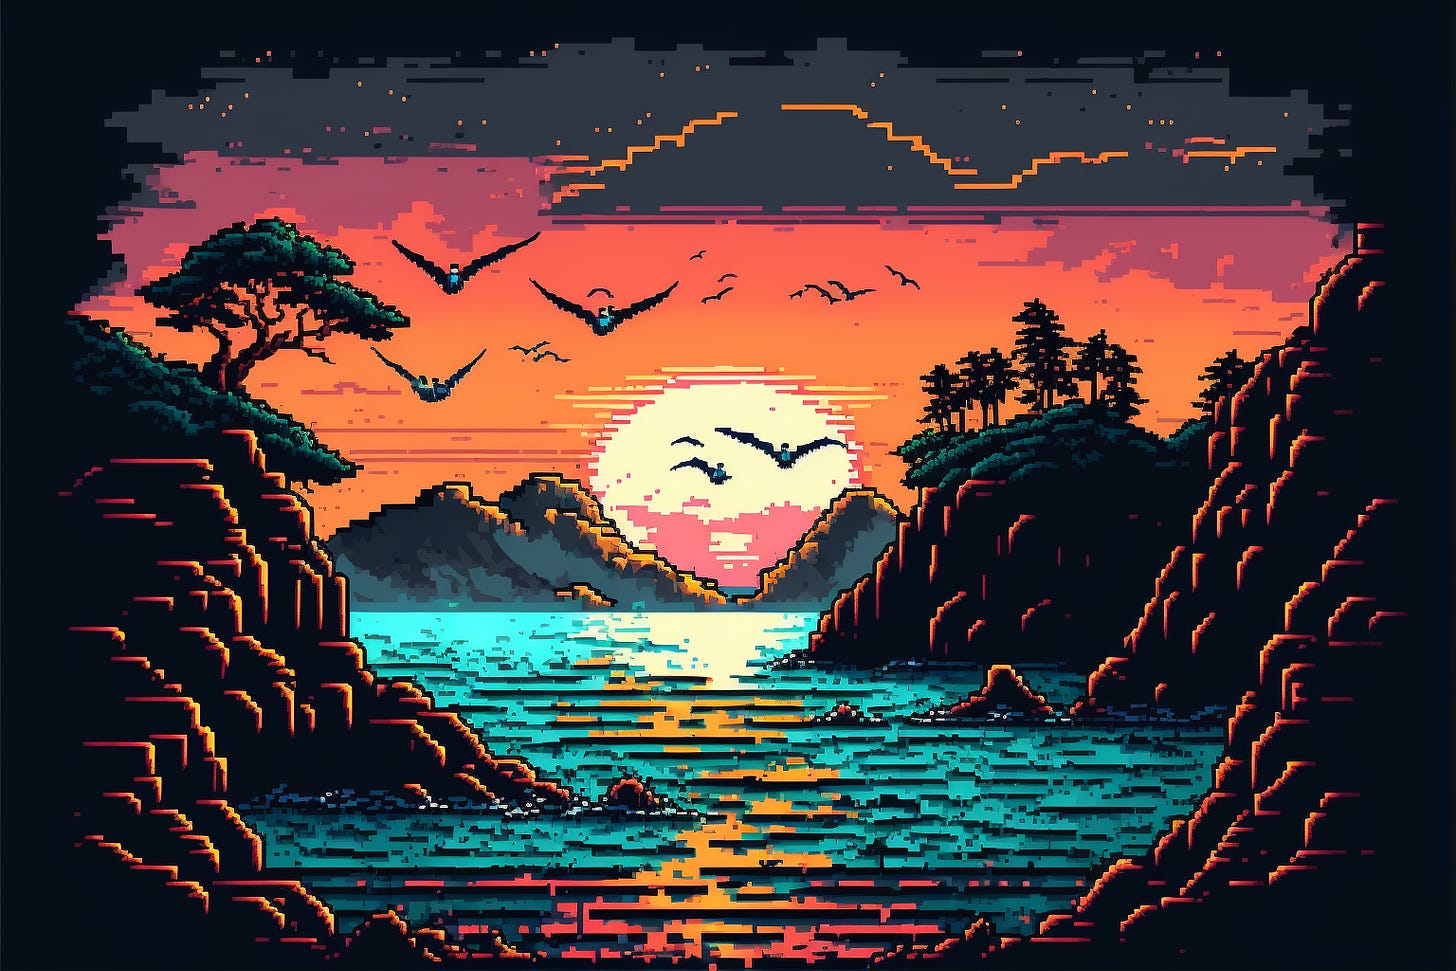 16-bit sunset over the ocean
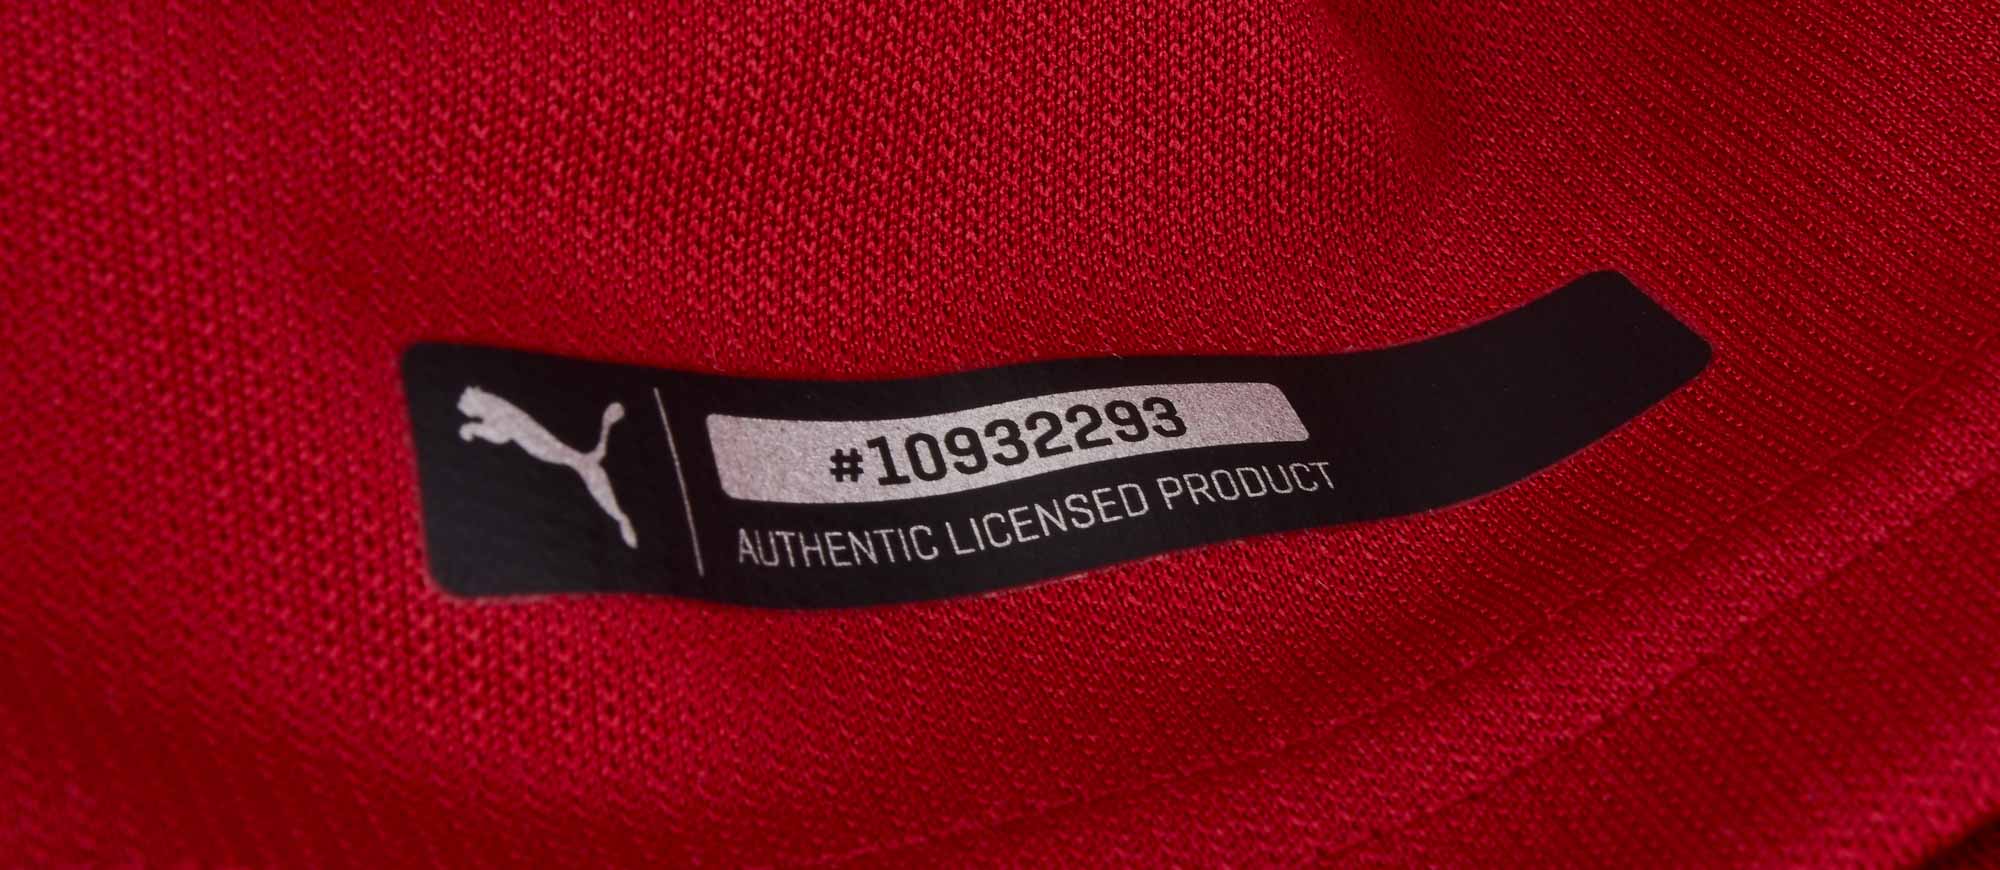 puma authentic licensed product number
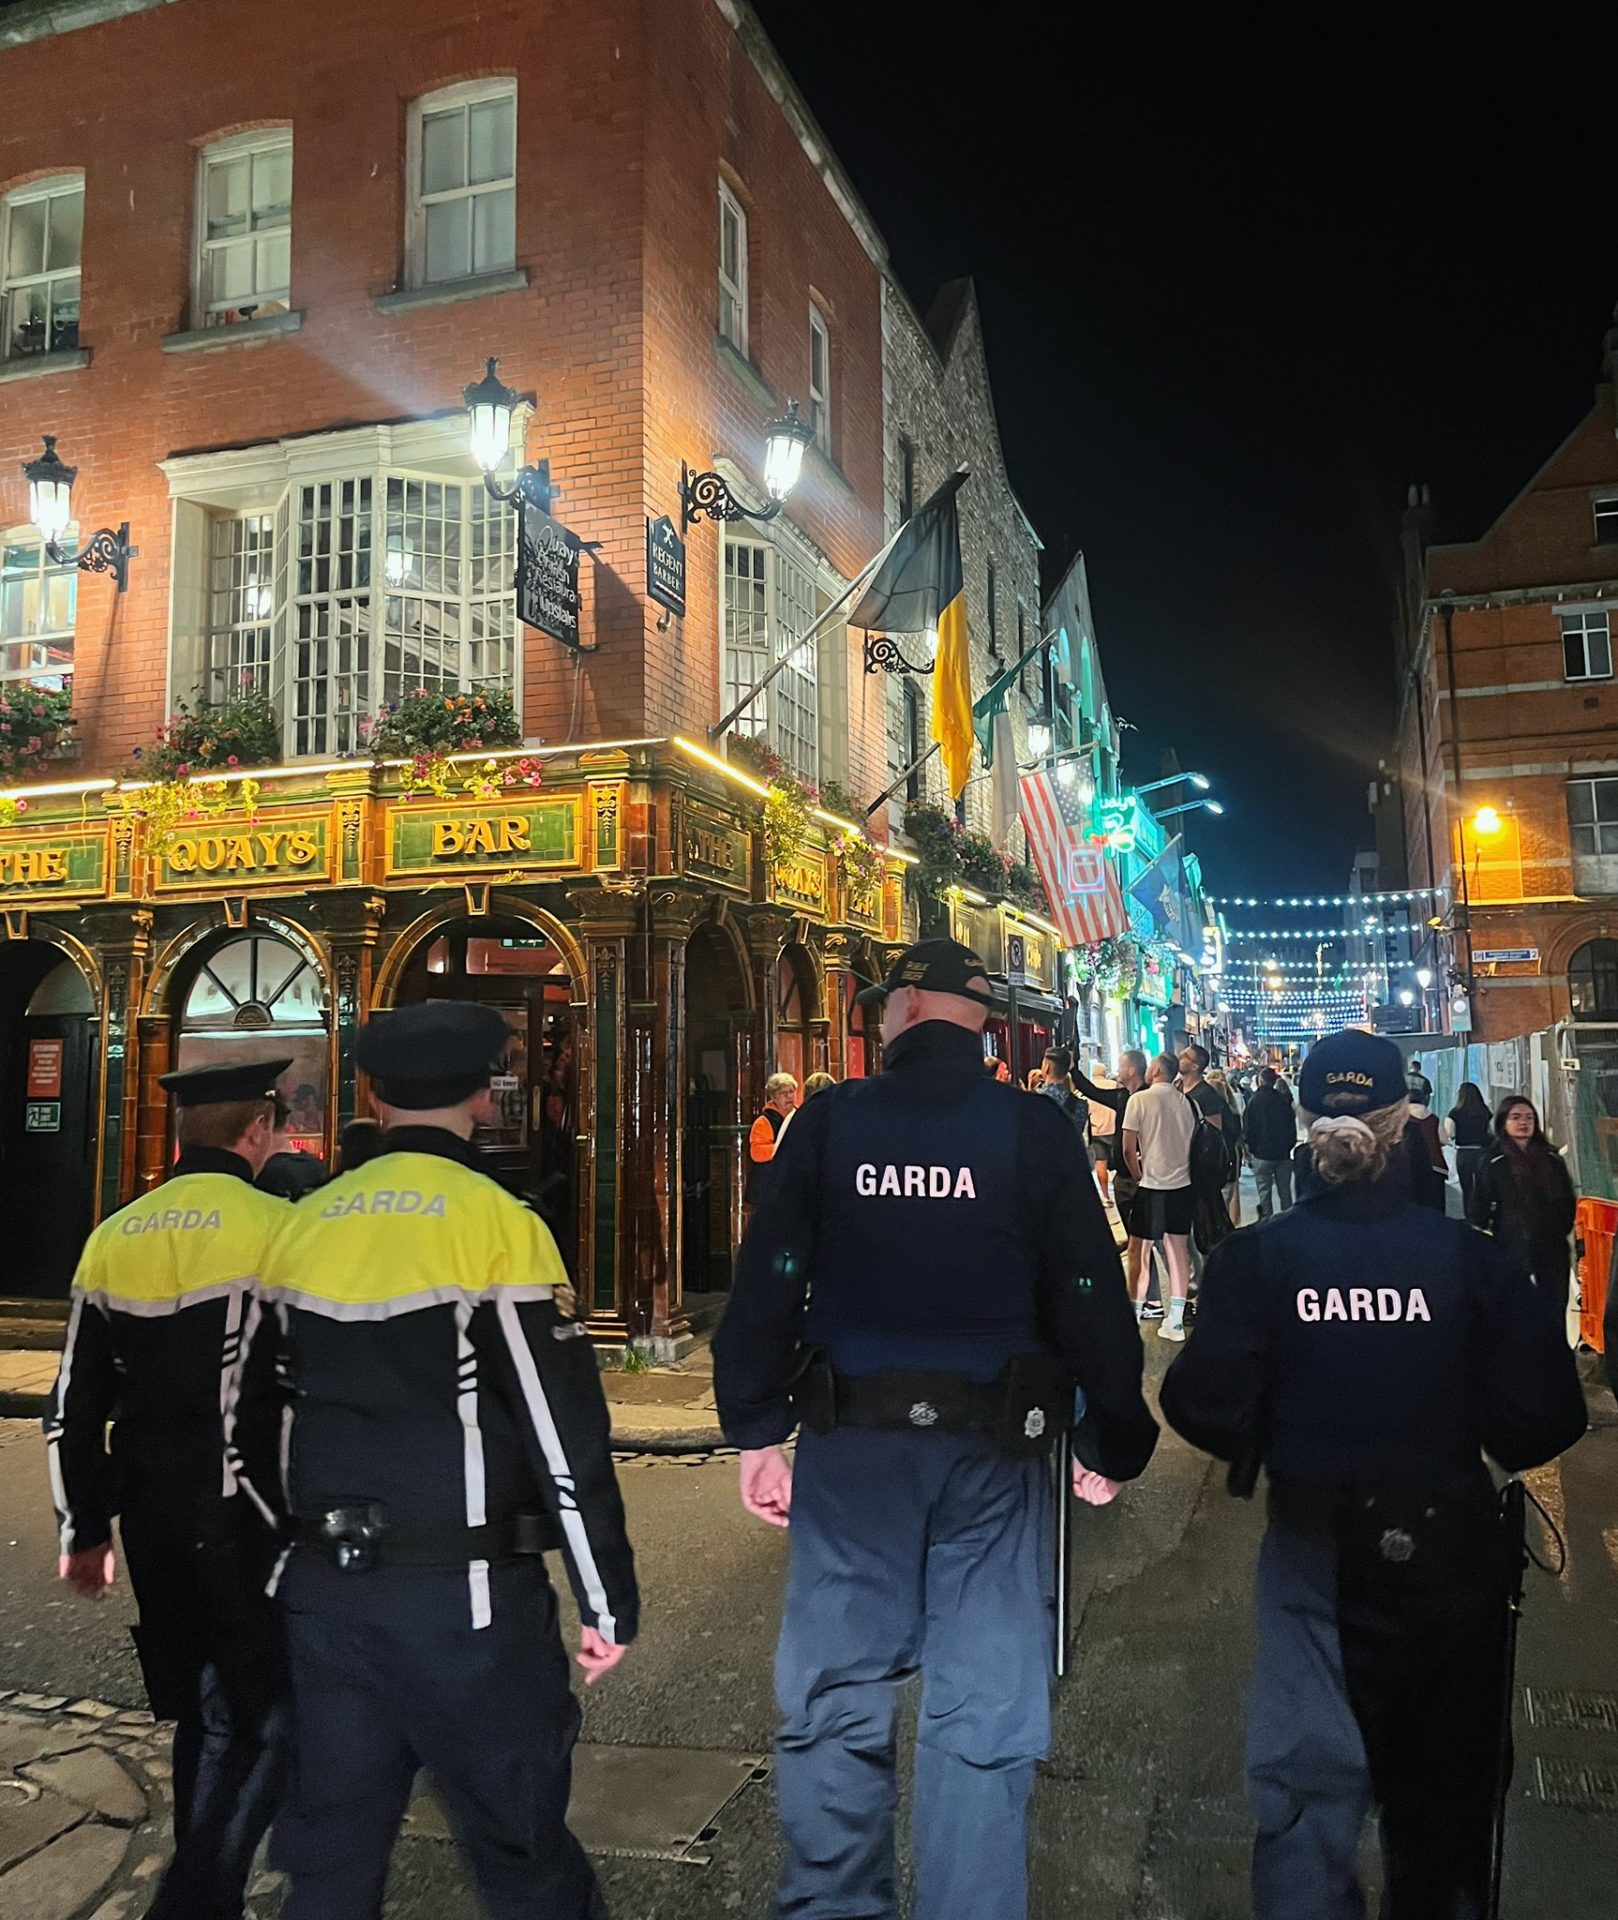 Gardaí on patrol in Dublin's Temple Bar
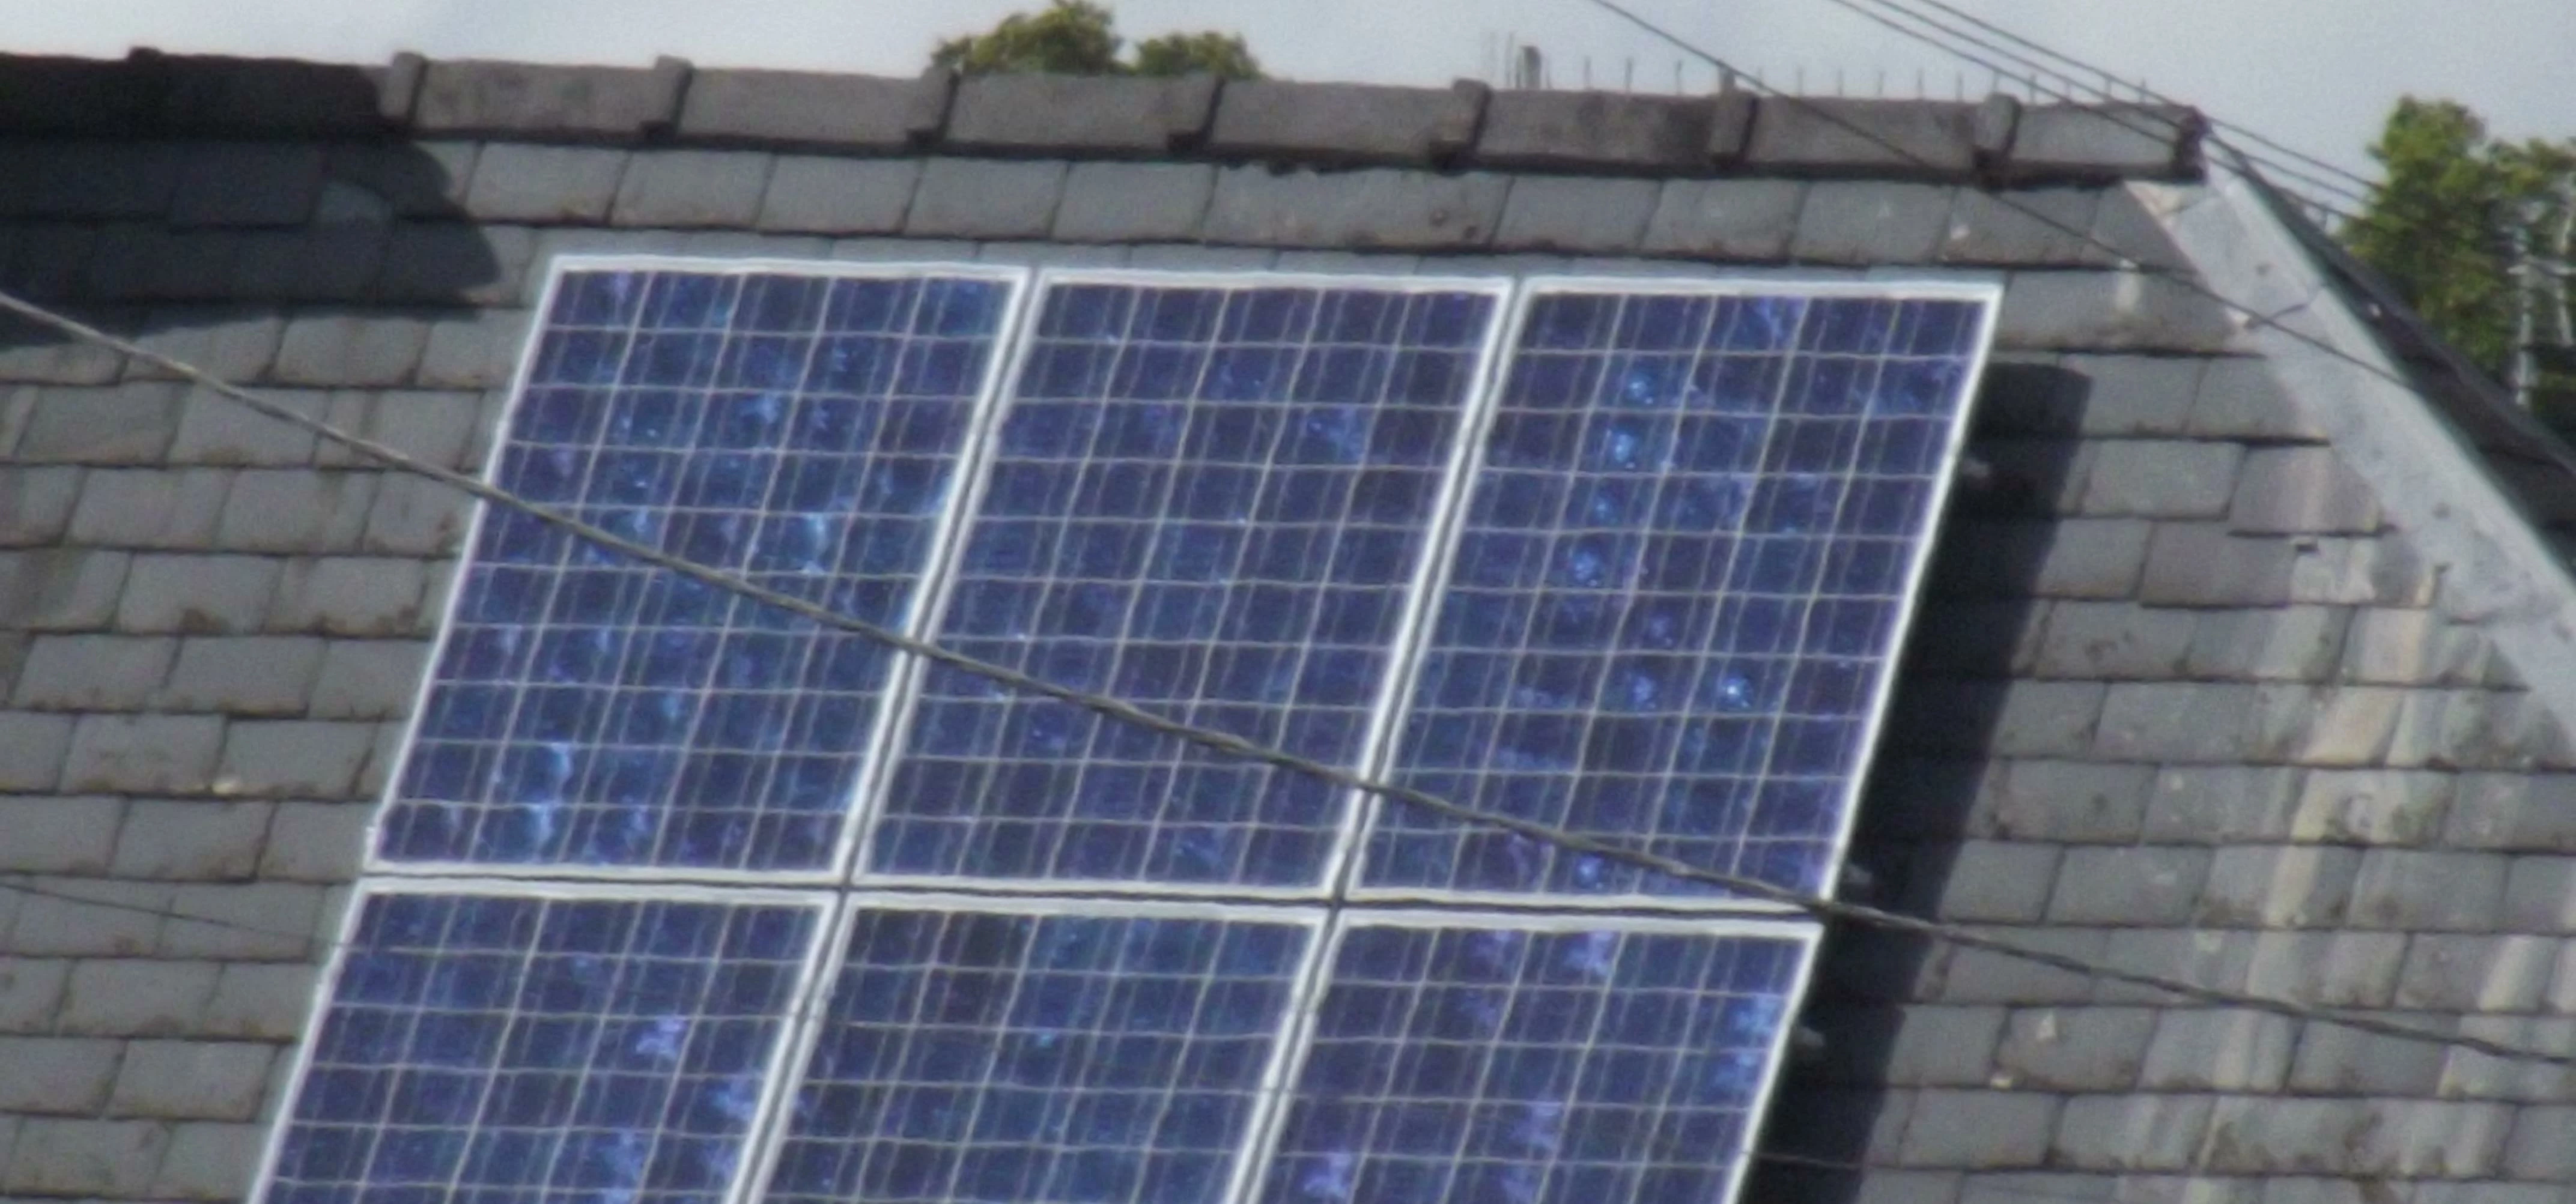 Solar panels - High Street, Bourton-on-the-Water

- [About this exercise] Would you return the material exactly, images excluded?

- [Expected output]
 16-bit sunset over the ocean
 puma authentic licensed product number
 Gardaí on patrol in Dublin's Temple Bar
 Solar panels - High Street, Bourton-on-the-Water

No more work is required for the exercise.